In the 1980s and early 1990s, Silicon Valley Bank (SVB) and a few other banks and boutique leasing firms arrived on the scene and expanded on venture leasing using a simple model. They began providing loans to startups that, while still light on cash flows, were generally heavy on IT equipment, provided that they were backed by reputable venture capital firms. Typically, they would secure those loans against the specific equipment being financed, assuming that existing equity investors would act as a backstop by continuing to fund the companies in future equity rounds. Not only that, the lenders were also careful to structure their loans to complement whatever equity the borrowers had already taken. 

From venture leasing to venture debt

Fast forward to the dotcom boom in the mid to late 1990s, and venture leasing really began to take off. As more and more tech companies started reaching astronomical valuations, a growing number of lenders decided to enter the market with a clear value proposition for prospective borrowers. Not only were they prepared to provide the debt financing that traditional banks weren’t comfortable offering, they would also help borrowers avoid the dilution they would otherwise suffer if they were completely equity financed.

Unfortunately, the challenge that many of these early venture debt lenders faced was that they didn’t know how to properly structure or underwrite these types of loans. That meant that they had to figure out how best to assess risk as they went. As a result, venture debt was often a disorganized and volatile form of lending. Plus, venture debt lenders could be aggressive, often demanding warrants of 8 to 12 percent of the total facility amount, which made the product relatively expensive. For any borrower looking to work with these lenders, it was often like navigating the Wild West. Not surprisingly, when the dotcom bubble finally burst, many venture debt lenders went under. 

In the years that followed, the industry began to migrate to enterprise value loans, (i.e., loans that are secured by all of the borrower’s assets and not just their IT equipment), thus beginning the shift from venture leasing to venture debt. One of the big reasons for this shift was the emergence of application service providers, and later SaaS (software as a service) and cloud computing, which dramatically changed the cost equation for building and operating software, while also making their revenues and business models more predictable. 

Attracted by the opportunity to work with these higher-quality businesses, venture debt lenders began popping up around the United States and overseas.

Venture debt matures

It wasn’t until after the global financial crisis in 2008 that the modern venture debt market we know today began to emerge. An array of new market entrants created competition, which had the effect of raising the overall sophistication of the market. Over time, brokers also entered the market, which had a network effect and resulted in the further professionalization of the industry. 

As a result, venture debt lenders began acting more like traditional lenders by, for example, only offering terms that were market, and starting to care more about their reputation in the industry. Eventually, venture debt began to mirror asset-based and middle-market lending and became known for its clean and predictable underwriting process and for creating deals that truly benefit borrowers. Over time, the industry has also become far more specialized with sub-verticals (such as healthcare and technology) with dedicated teams, and different types of loans and credit policies to serve these sub-verticals.

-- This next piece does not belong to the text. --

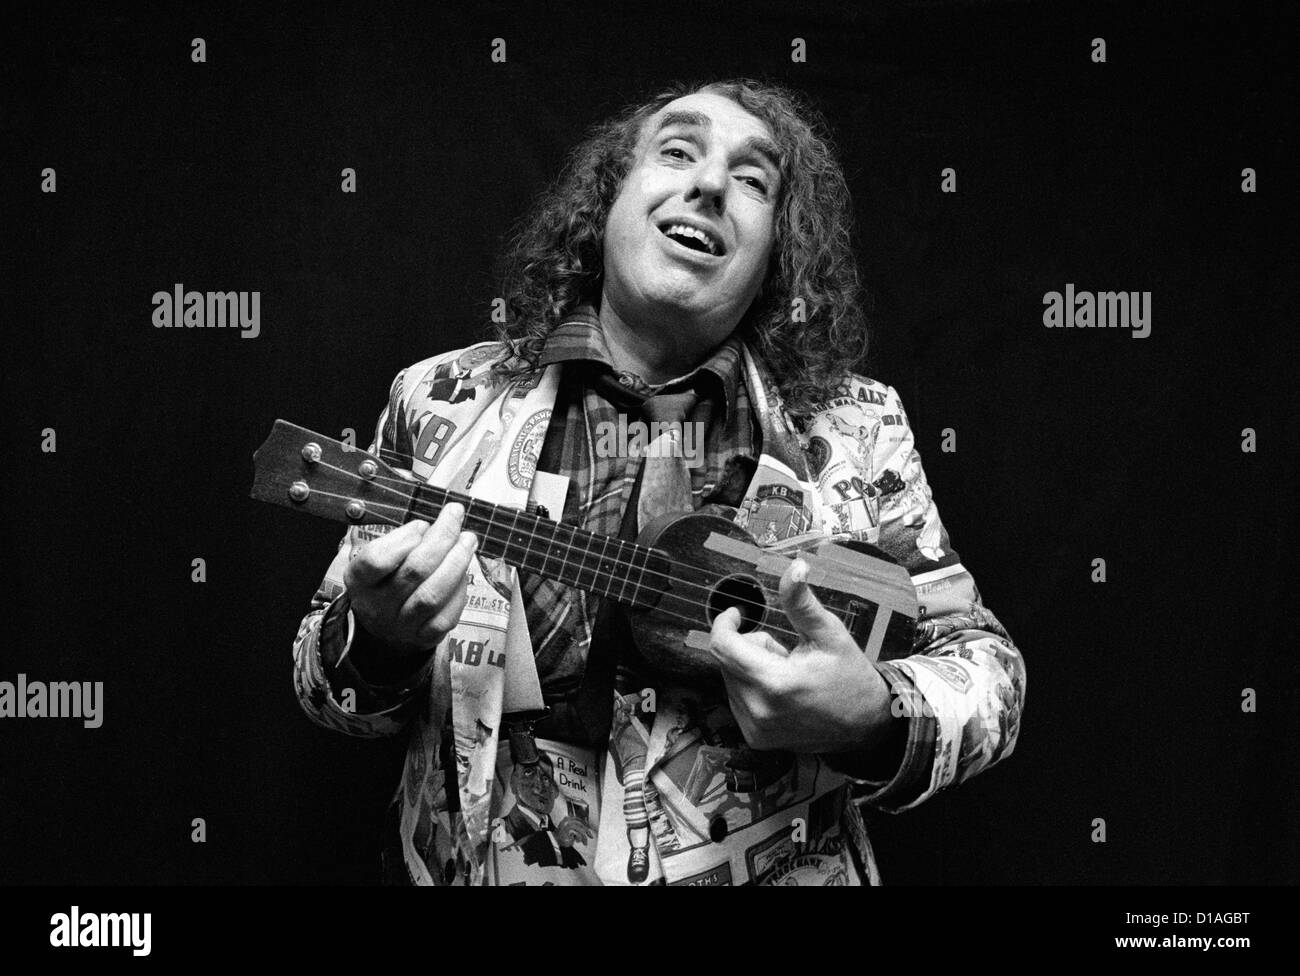 Tiny Tim, playing ukulele and smiling. Stock Photo

Today, venture debt represents between 10 and 15 percent of the total venture market. The number of lenders has also increased significantly, which makes choosing the right debt lender increasingly important. Experienced lenders that have a longer track record of successfully underwriting and pricing transactions are the ones best positioned to structure mutually beneficial deals that deliver the business outcomes today’s borrowers seek.

Of course, the best venture debt lenders don’t just provide capital or help you avoid dilution. They’re also true partners who support borrowers by helping to facilitate additional financing, and making introductions to investment banks and strategic and financial buyers for potential M&A events. Increasingly, the best lenders are also using sophisticated analytics to help tech companies analyze their business and achieve better financial results.

Picking the right partner for the future

Over the course of many years, venture debt has become a proven and predictable source of capital for many healthcare and technology companies. Today, it’s a financing option that founders and CEOs should consider almost any time that they’re raising capital. 

It’s important to note that the number of firms offering venture debt solutions has grown considerably over the last 20 years. As such, borrowers need to take care to partner with those that truly understand their industry and have been operating in this space for a long time.  Finding a firm that takes the time to understand a business prior to lending, and that has the experience to draw upon during challenging times like these, will be crucial to the ultimate success of any venture debt financing relationship.